__REQUIRED WORK__:
Exact copy, no pictures: repeat the data that follows.

__DATA PROVIDED__:
☆ ☆ ☆ ☆ ☆ ☆ ☆

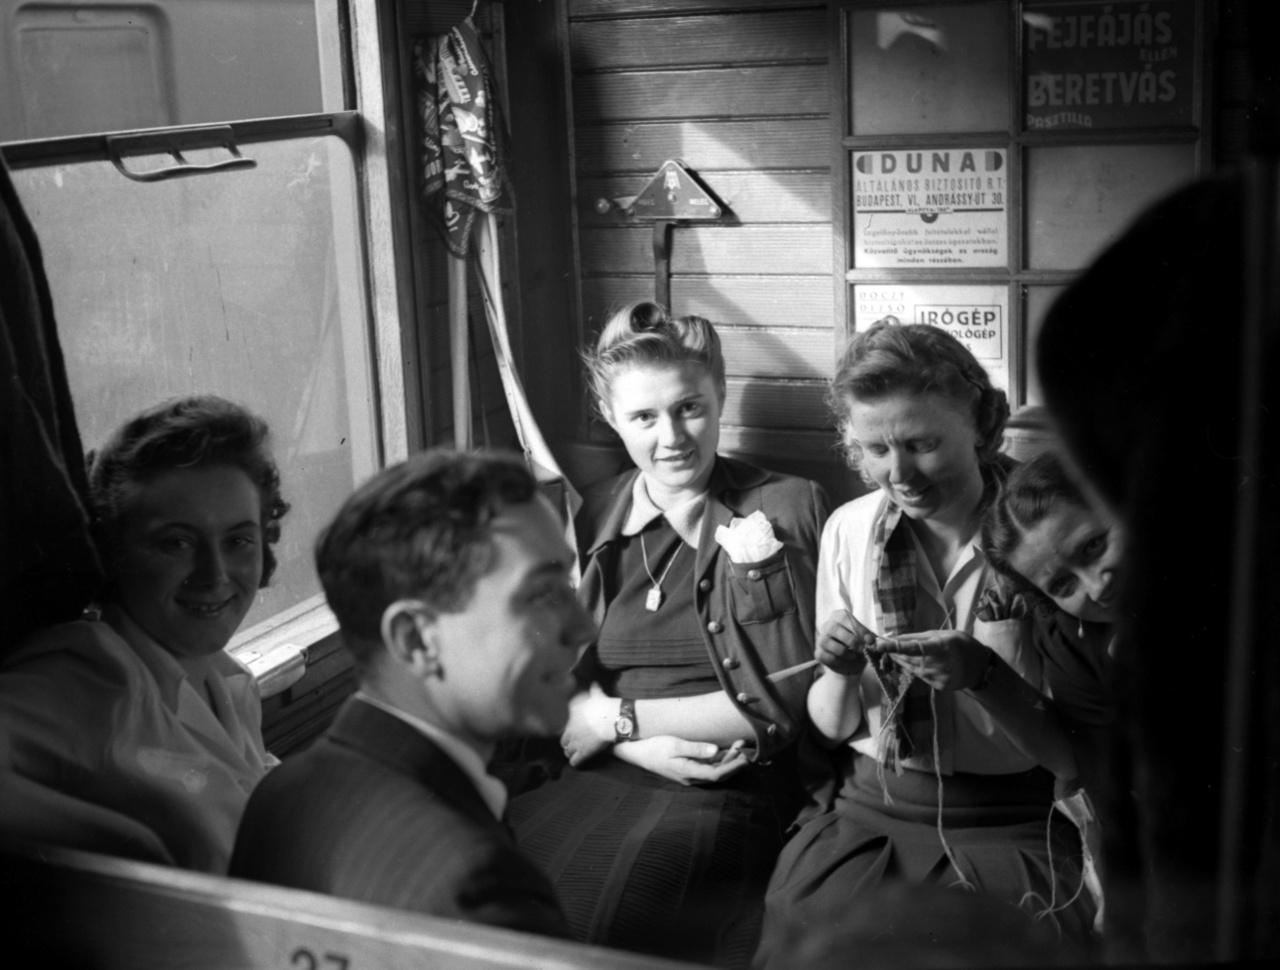 """Fejfájás ellen Beretvás-pasztilla, minden másra Duna Általános Biztosító. Életmegoldások egy vasúti kocsiban.Lányok, fiatal nők itt (jobb oldalon Borsy Istvánné Boriska, szoprán), apjuk, bátyjuk, férjük, szerelmük az orosz fronton. A 2. magyar hadseregről alig szivárognak a hírek: """"Muszka földre lassan jár a posta, [...] a halványzöldszín tábori levél""""– búgta Karády. """"Azok a kemény csapások, amelyeket a Don mentén honvédőink elviseltek, azok a nehéz szenvedések, amelyeket kiállottak és azok a példátlan teljesítmények, amelyeket kiverekedtek, arra kell, hogy ösztönözzenek bennünket, hogy a védekező fegyvert még keményebben markolva, töretlen lélekkel küzdjük végig a magyarságnak ezt a sorsdöntő küzdelmét""""– nyilatkozta éppen a fellépés napján a magyar nemzetvédelmi propagandaminiszter."""
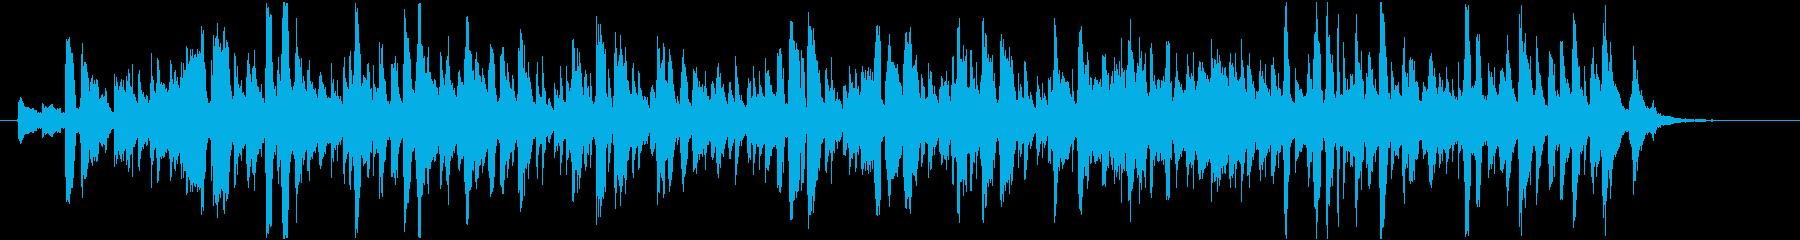 マンゴーをテーマにした楽曲の再生済みの波形
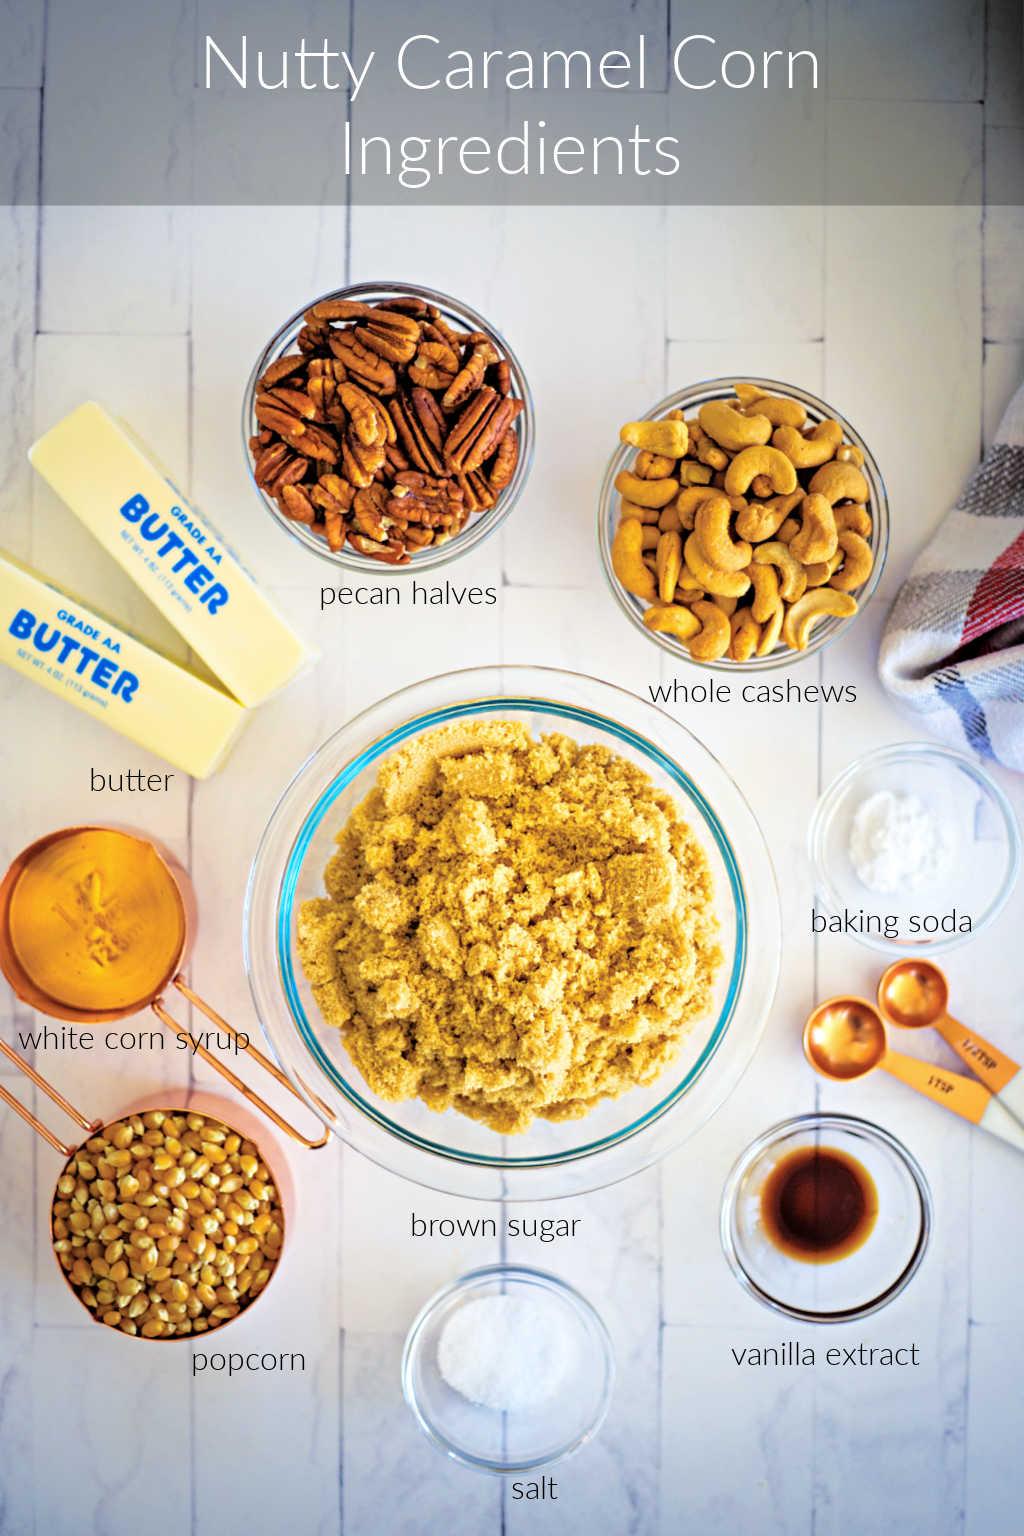 ingredients for caramel corn

☆ ☆ ☆ ☆ ☆ ☆ ☆

__ANSWER__:
 """Fejfájás ellen Beretvás-pasztilla, minden másra Duna Általános Biztosító. Életmegoldások egy vasúti kocsiban.Lányok, fiatal nők itt (jobb oldalon Borsy Istvánné Boriska, szoprán), apjuk, bátyjuk, férjük, szerelmük az orosz fronton. A 2. magyar hadseregről alig szivárognak a hírek: """"Muszka földre lassan jár a posta, [...] a halványzöldszín tábori levél""""– búgta Karády. """"Azok a kemény csapások, amelyeket a Don mentén honvédőink elviseltek, azok a nehéz szenvedések, amelyeket kiállottak és azok a példátlan teljesítmények, amelyeket kiverekedtek, arra kell, hogy ösztönözzenek bennünket, hogy a védekező fegyvert még keményebben markolva, töretlen lélekkel küzdjük végig a magyarságnak ezt a sorsdöntő küzdelmét""""– nyilatkozta éppen a fellépés napján a magyar nemzetvédelmi propagandaminiszter."""
 マンゴーをテーマにした楽曲の再生済みの波形
 ingredients for caramel corn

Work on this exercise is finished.